Wed. Mar 3rd, 2021

Bernardo Silva celebrates scoring (REUTERS)
Bernardo Silva celebrates scoring (REUTERS)

Never in doubt. Manchester City eased through to the fourth round of the FA Cup, overcoming Birmingham City with the effortlessness that Pep Guardiola’s side often display when playing at home to inferior opponents. Three unanswered first-half goals – two for Bernardo Silva, another for Phil Foden – not only settled this tie, but ensured that City could rest key players for greater challenges.

This was over as a contest within a quarter of an hour. That was all the time it took for City to make sure the scoreline reflected the gulf in class between themselves and their Championship opponents, and all the time that Bernardo required to score his first and second goals of the season. Both were brilliant but for different reasons: one on an individual level, the other as a collective.

The first might have been avoided had Birmingham captain George Friend managed to send a headed clearance further than the edge of his own penalty area. It was a poor piece of defending but one that he would have got away with if not Bernardo’s magical technique on the half-volley, catching the ball perfectly with his left foot, just as it seemed to be rising too high for him to reach.

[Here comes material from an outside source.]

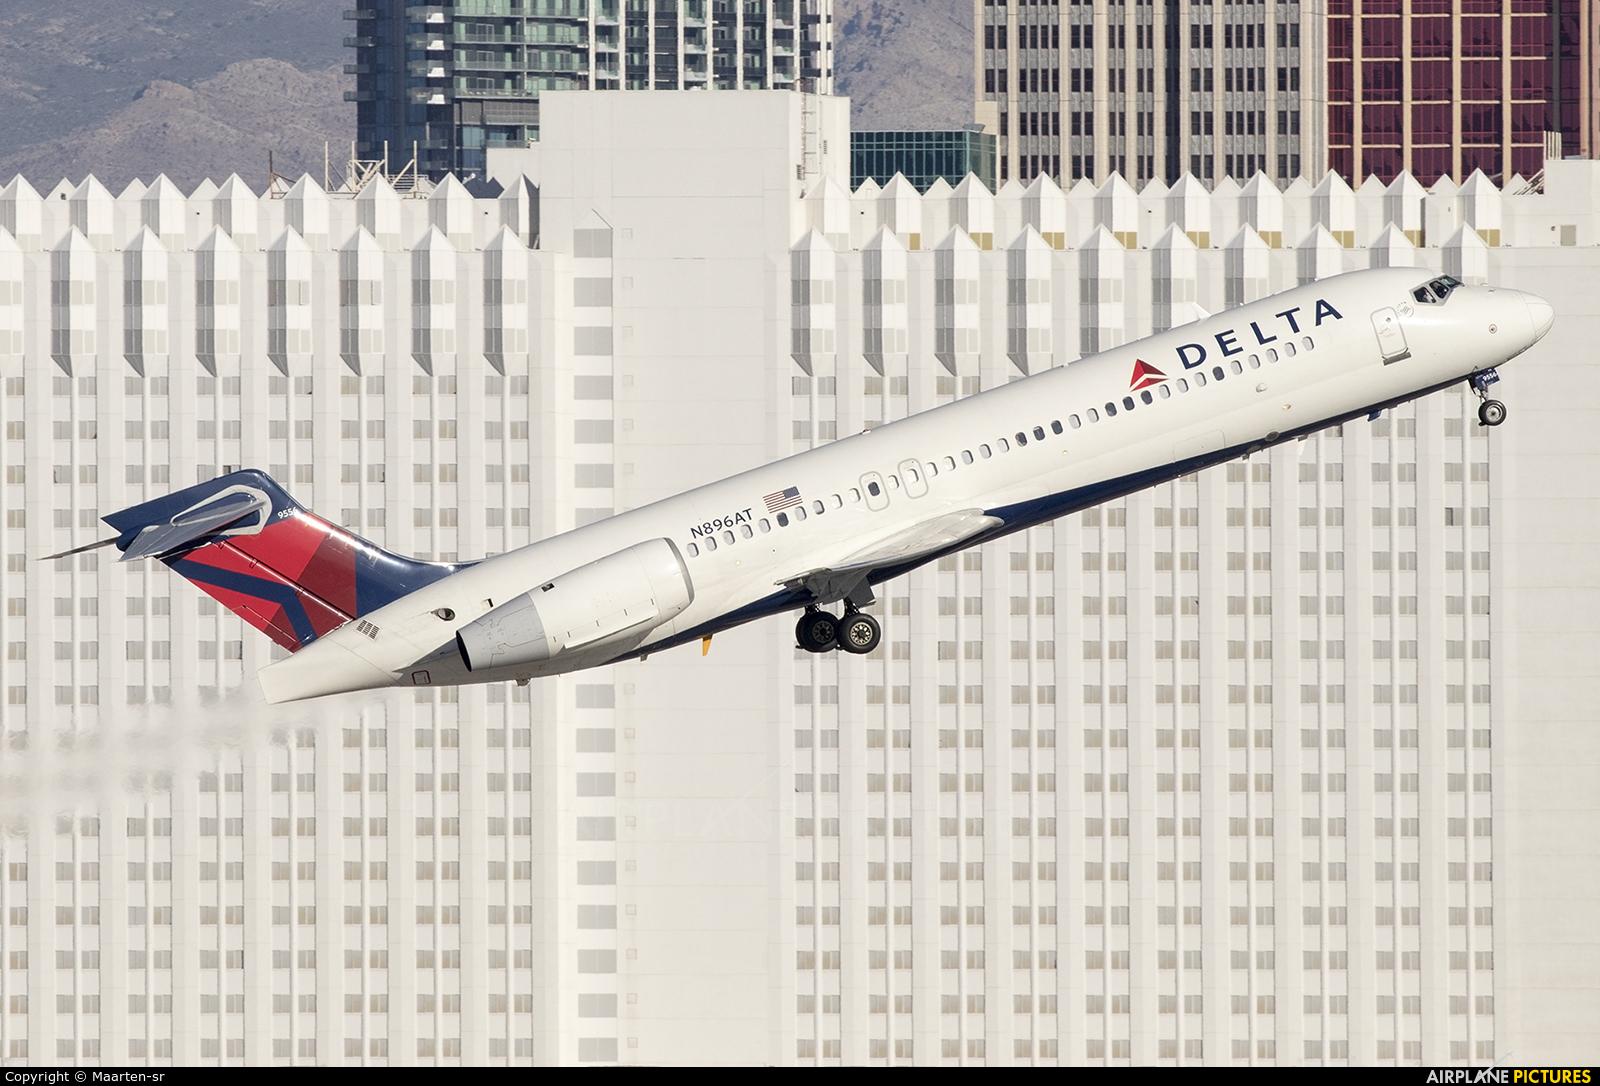 Delta Air Lines N896AT aircraft at Las Vegas - McCarran Intl

That height helped to guide the ball into the top-left hand corner and out of goalkeeper Andres Prieto’s reach. The relief on Bernardo’s face was plain to see. Arguably City’s player of the season in Guardiola’s second title-winning campaign two years ago, he has rarely reached the same level since. But having ended a run of 21 games without a goal at club level, he would soon score again.

This time, the finish was simple. A wonderful, flowing team move incorporating Foden, Kevin De Bruyne, Joao Cancelo and Riyad Mahrez made it so. The pick of the many passes in the build-up was Mahrez’s swipe at the ball with the outside of his foot which released De Bruyne to the byline. From there, Birmingham could do nothing to prevent the cut-back into the feet of Bernardo, standing six yards out from an open goal.

Mahrez was in a generous mood. It was his wonderful searching pass which played Foden through on Prieto’s goal just after the half-hour mark, only for Mikel San Jose to recover with a sliding challenge. But the same combination would produce City’s third just two minutes later, with Mahrez squaring after a burst through Birmingham’s midfield and Foden sweeping the ball into the bottom right-hand corner from outside the box.

Nobody would have blamed Guardiola if he had replaced the likes of De Bruyne, Ruben Dias and Joao Cancelo at that very moment. Instead, he waited until the break to introduce John Stones and two youngsters in Felix Nmecha and Taylor Harwood-Bellis. Fernandinho and Liam Delap followed during a second half played at a sedate pace, with Birmingham lacking the ability to threaten and City lacking the inclination.

Bernardo could have secured his first hat-trick since a 9-0 demolition of Watford on this ground in September 2019 – right before his strange slump began – but he failed to spin and finish from close range after receiving Foden’s corner inside the six-yard box. Mahrez might have scored the goal his all-round performance deserved but after finishing Rodri’s delicate ball over the top of the Birmingham defence, he was judged to have strayed marginally offside.

Birmingham, to their credit, stepped up their efforts for a consolation during the final stages, with substitute Lukas Jutkiewicz forcing Stones into an important block and Jeremie Bela missing the target. Aitor Karanka will take solace from the fact that his second-tier strugglers avoided a hiding and even drew the second half nil-nil. By that point though, the contest had already been won and City’s job had been done.